That is why we did not hear about the term “cash for access” even under the Harper Conservatives. It was not because there was a benevolent opposition party that was willing to let the Conservatives get away with that. Believe me, if they had been doing that, the NDP as the official opposition would have been calling attention to it and the Liberals as the third party would have been calling attention to it too. I disagree with my Conservative colleagues on many things, but I am not going to make up that they were doing something that they were not doing.

Cash for access was not a theme of the Canadian political discourse until these particular Liberals came to power. There is a reason for it. Nobody was as organized in seeking out members of the Canadian business community or different communities that would have an interest in getting the ear of a minister until the current government was elected and members made a science of it. They recruited those people and offered them special time in smaller venues at a high price in order to get the ear of ministers. That is wrong. I do not care what the law says, that is wrong.

To be going through the motions of passing a bill on electoral financing and fundraising and not address that issue, not by making that practice, which is a repugnant practice, more transparent is not what we need to do. It is a practice we need to put an end to. To the extent that we do not see any sign from the government benches that the repugnant practice of selling access to ministers is not going to end as a result of Bill C-50, there are serious problems with the bill.

It is a great step in the right direction. We could pass a law that says anytime we meet someone in the grocery store we should smile at them. That would make the world a better place. It would make everyone feel good. It would be a step in the right direction, but it would not solve a lot of the real problems that are facing Canadians today.

The bill does not do that and it does not solve the real problems that Canadians are facing today with respect to how they feel about their own political system. At the very least, it should do that. We do not expect the bill to fix the problems with pensions in Canada. We do not expect it to fix the problems with health care, but surely we could have expected that it would fix some of the problems that Canadians experience in the way they relate to their politics.

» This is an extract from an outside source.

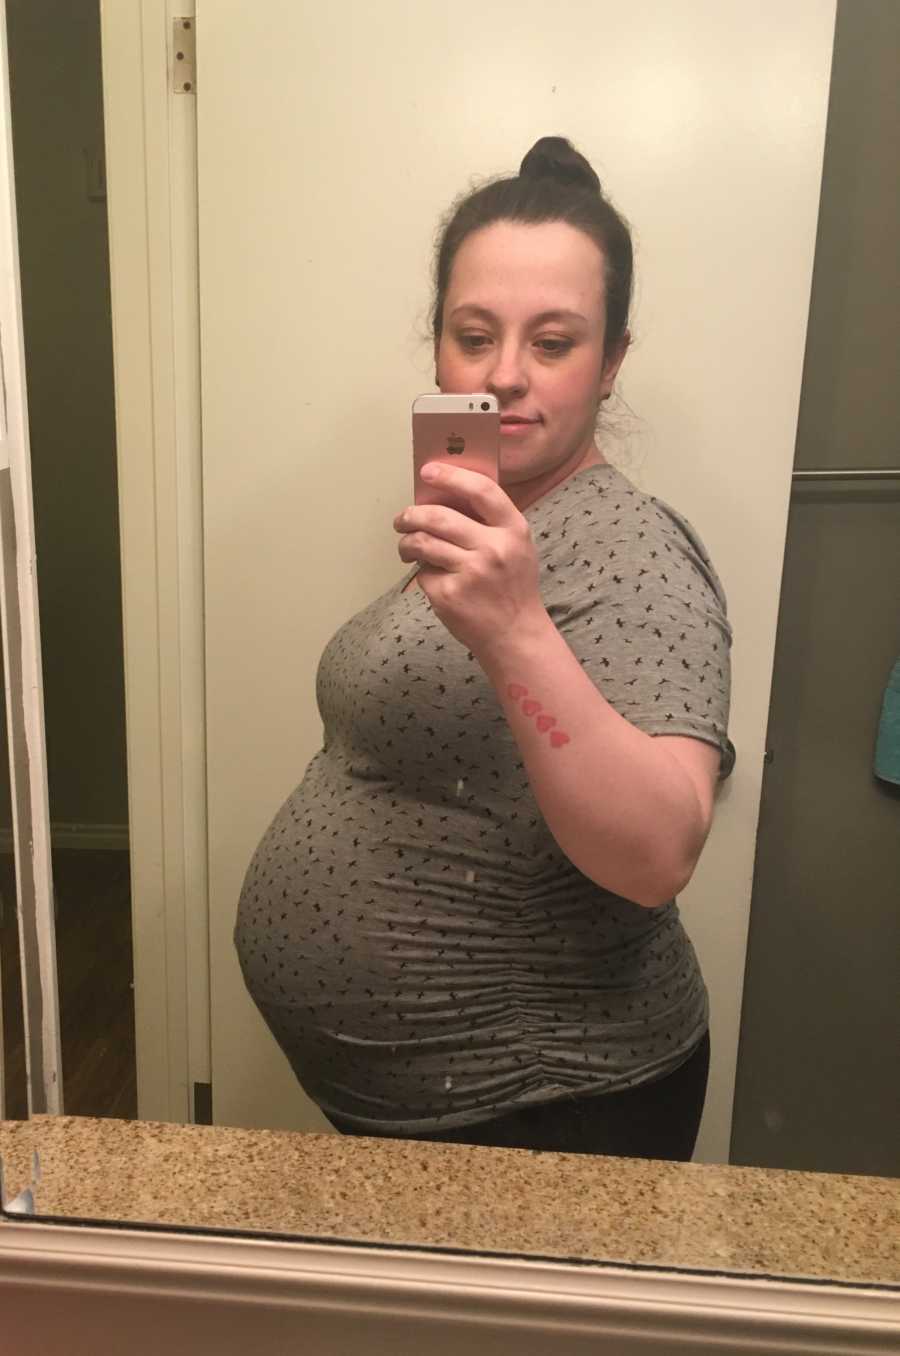 Pregnant woman takes mirror selfie in bathroom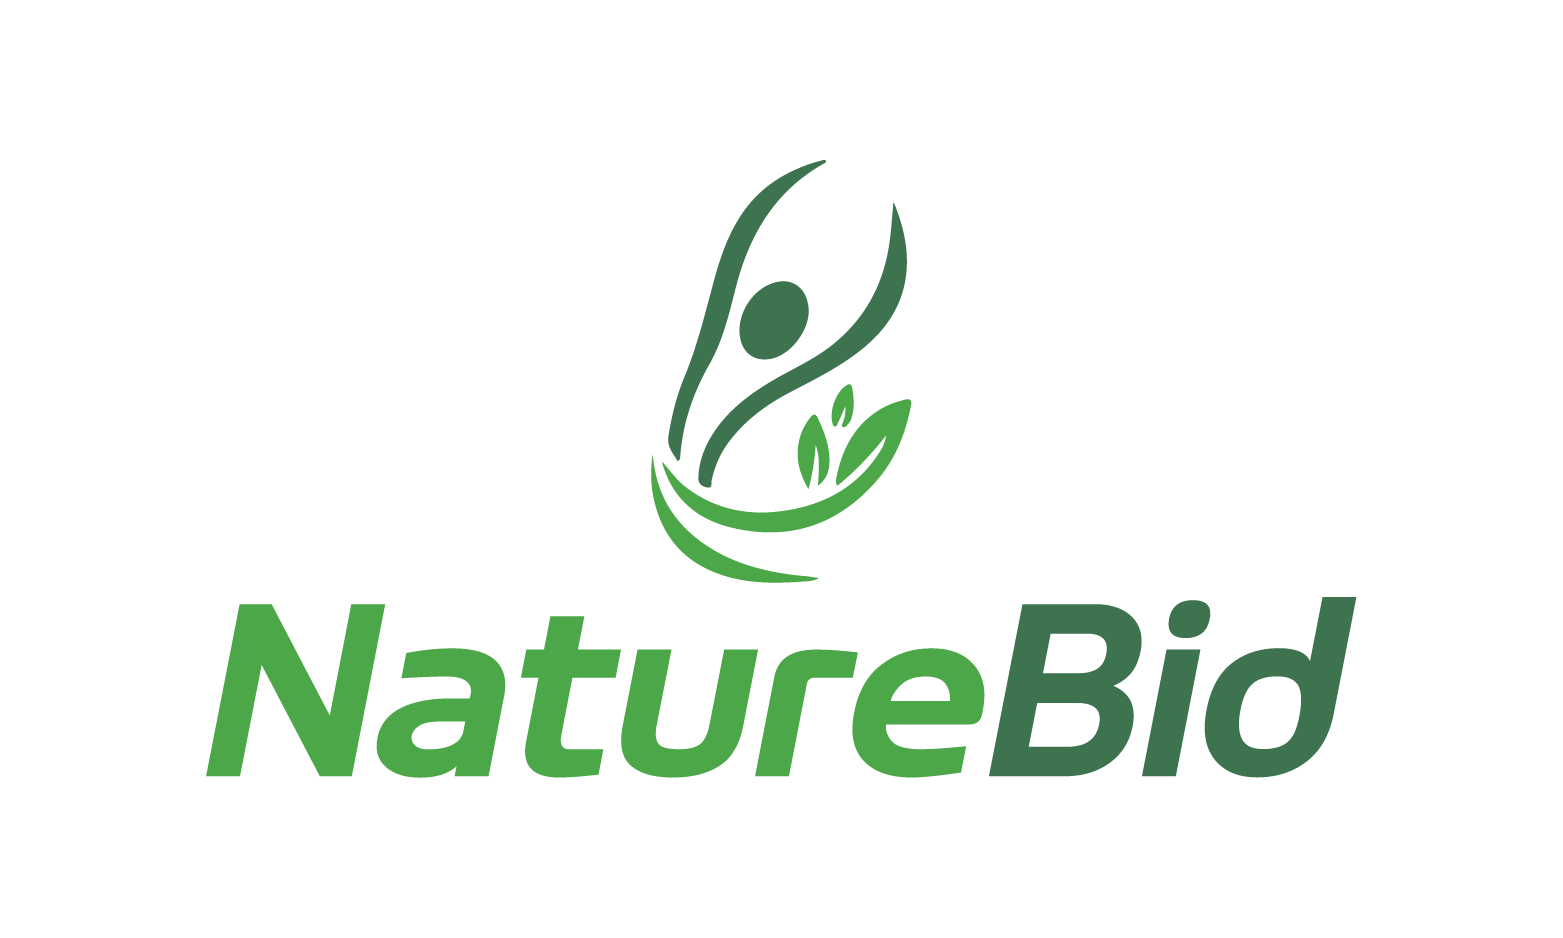 NatureBid.com - Creative brandable domain for sale

I am concerned that the government sees the passage of this bill as legitimizing a new practice in Canadian politics in terms of the level of sophistication of going out and selling access to ministers based on interests that donors have in the ministers' portfolio area. The government's defence of this practice does not hold up at all. It says that this is not so bad because the Prime Minister gets out there and does town halls. He talks to people, and if they write him a letter he will get back to them.

It is an offence to the intelligence of Canadians to pretend that the little old lady who comes to a town hall with 3,000 people and has to sit in the back because she got there by Handi-Transit and gets to wave at the Prime Minister is the same as a high-powered corporative executive who pays $1,500 to go to a small dinner in somebody's condo, residence, or whatever, to talk about whatever he or she is going to talk about. This bill does not give us any more insight into what is talked about at those events, what is said or not said.

To compare those two scenarios and expect Canadians to believe that they are comparable is just ridiculous. It is totally ridiculous, and kind of offensive. It offends me, and I think it probably offends a lot of Canadians. “When I sign up to go to a town hall,” says Joe Canadian, “I get it that I am not going to get the kind of experience that a high-powered corporate exec is getting when he pays $1,500 to go meet the Prime Minister in a mansion somewhere. I get that it is not the same thing.” However, the Liberals are trying to say that it is the same thing. Canadians have to ask themselves whether they want people in government who think they are that stupid. This is a legitimate question for Canadians to be asking themselves.

That is the issue as I see it. We have a really repugnant practice of cash for access. We have a bit of window dressing here to try to make it seem a little better, maybe kind of okay. I do not think it accomplishes that at all. However, in the absence of real reform, it is not worth turning down.

What a missed opportunity this is. The Liberals actually built a mandate for meaningful reform. They said they were not a status quo party and wanted change. Instead of talking about the quality of this window dressing and the colour of the drapes, we could be talking about what kind of new voting system we are going to have.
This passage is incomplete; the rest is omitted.